Для многих, но только не для доктора юридических наук Александра Бастрыкина, окажется сюрпризом, что пояснительная записка к законопроекту № 645492–7 полностью повторяет логику точно такой же, но только 23-летней давности.
В действовавшем до 1996 года УК РСФСР не было специальной статьи, посвященной организованным преступным сообществам (ОПС), хотя по многим составам преступлений (и насильственным, и против собственности) совершение их в группе, и тогда указывалось, и теперь указывается как отягчающее обстоятельство.
В 1996 году проекты законов не выскакивали, как черт из табакерки, и к обсуждению еще привлекались широкие круги ученых. Но по поводу ст. 210 дискуссий не возникло. То была пора разгула ОПГ, которые промышляли преступными промыслами и совершали с этими целями также насильственные преступления.
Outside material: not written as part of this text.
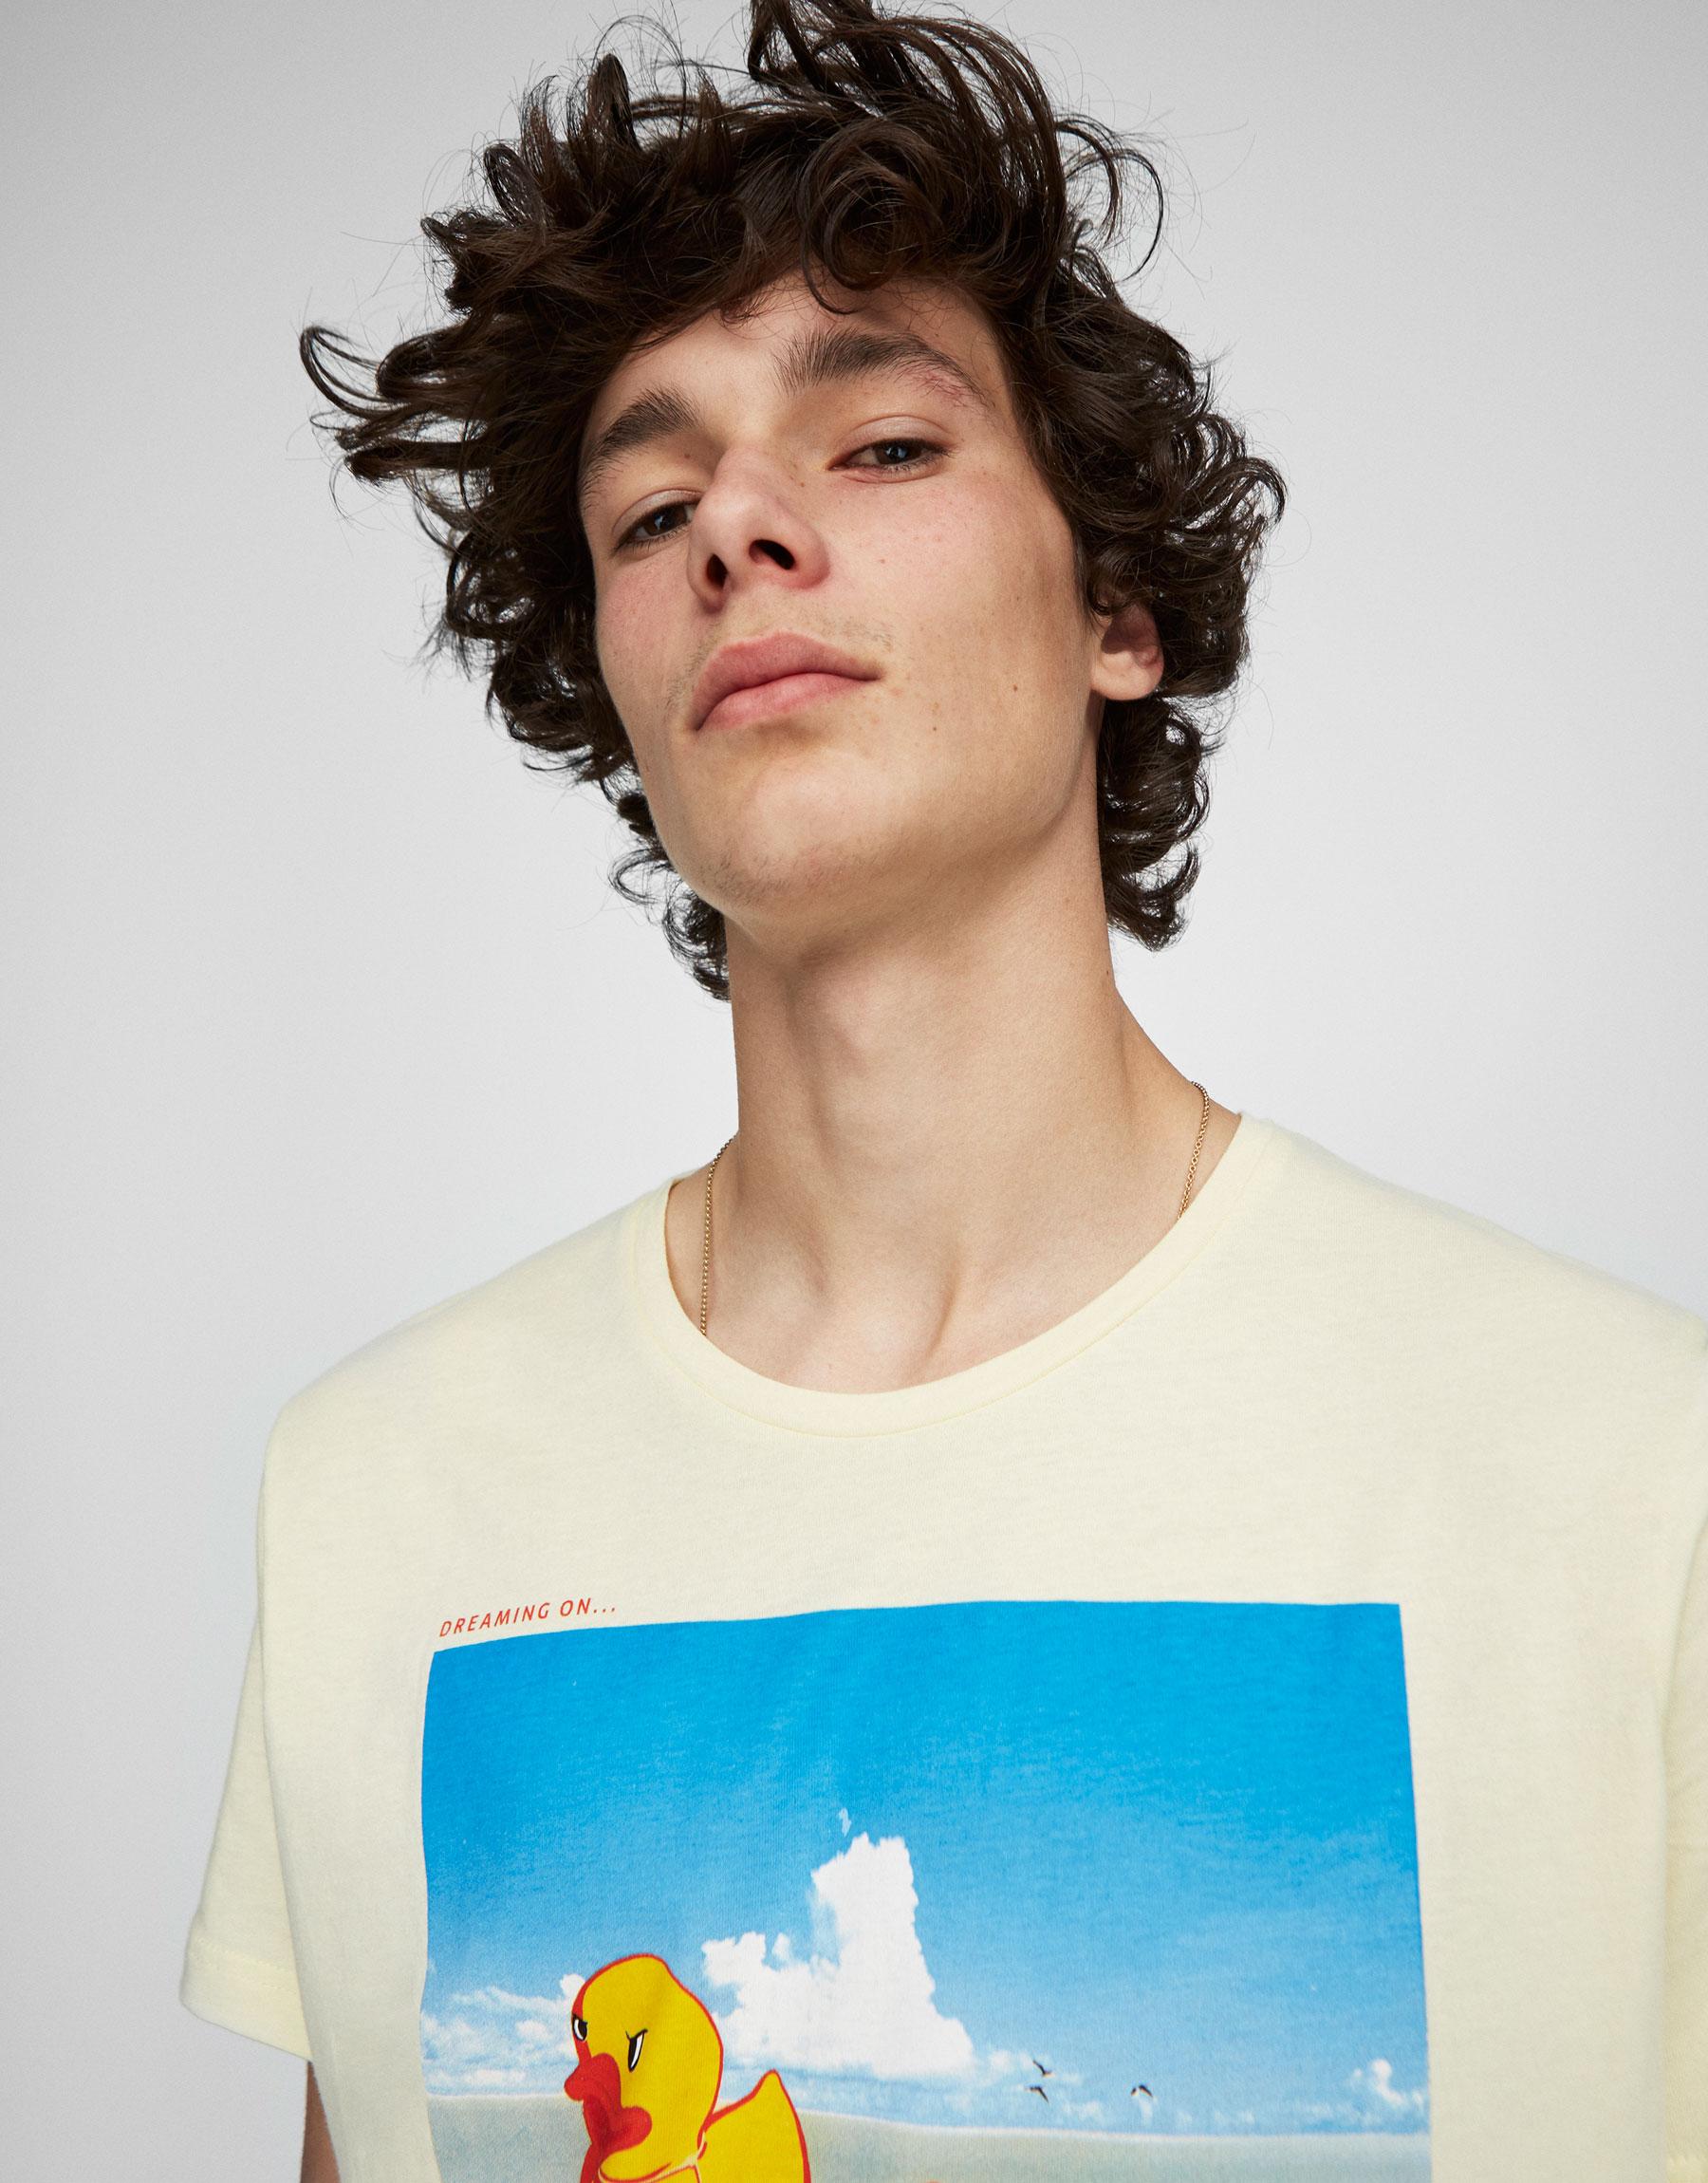 Duckling print T-shirt

Именно для того, чтобы привлекать к ответственности их организаторов, которые сами рук часто не марают, и была по образцу зарубежного законодательства введена статья 210, помещенная в главу 24 действующего УК РФ: «Преступления против общественной безопасности».
Споров не было и по той причине, что возможность применения этой конструкции по экономическим делам в 1996 году никому и в голову не приходила. Ведь ст. 210 говорит о создании ОПС лишь для совершения тяжких или особо тяжких преступлений, а в 90-е, в пору расцвета рыночных настроений, преступления в сфере экономки в разряд тяжких за редким исключением не попадали.
Но практика применения ст. 210 по прямому назначению не заладилась. Так, Захарию Калашову (он же Шакро Молодой), который был осужден в прошлом году в связи с перестрелкой в Москве, она даже не вменялась. И напротив, сейчас ее инкриминируют, например, владельцу группы «Сумма» Зиявудину Магомедову.
До 2013 года добавление ст. 210 к другим составам позволяло любому члену ОПС настаивать на рассмотрении дела судом присяжных, которые нередко оправдывали подсудимых не только в части ОПС, но заодно и по тем преступлениям, которые, может быть, имели место. Силовое лобби развернуло целую кампанию против суда присяжных в законодательных органах и в прессе. В 2013 году под предлогом разгрузки судов в связи с созданием апелляционных инстанций подсудность по ряду преступлений, включая ст. 210, от областных перешла к районным судам и оказалась вне компетенции присяжных.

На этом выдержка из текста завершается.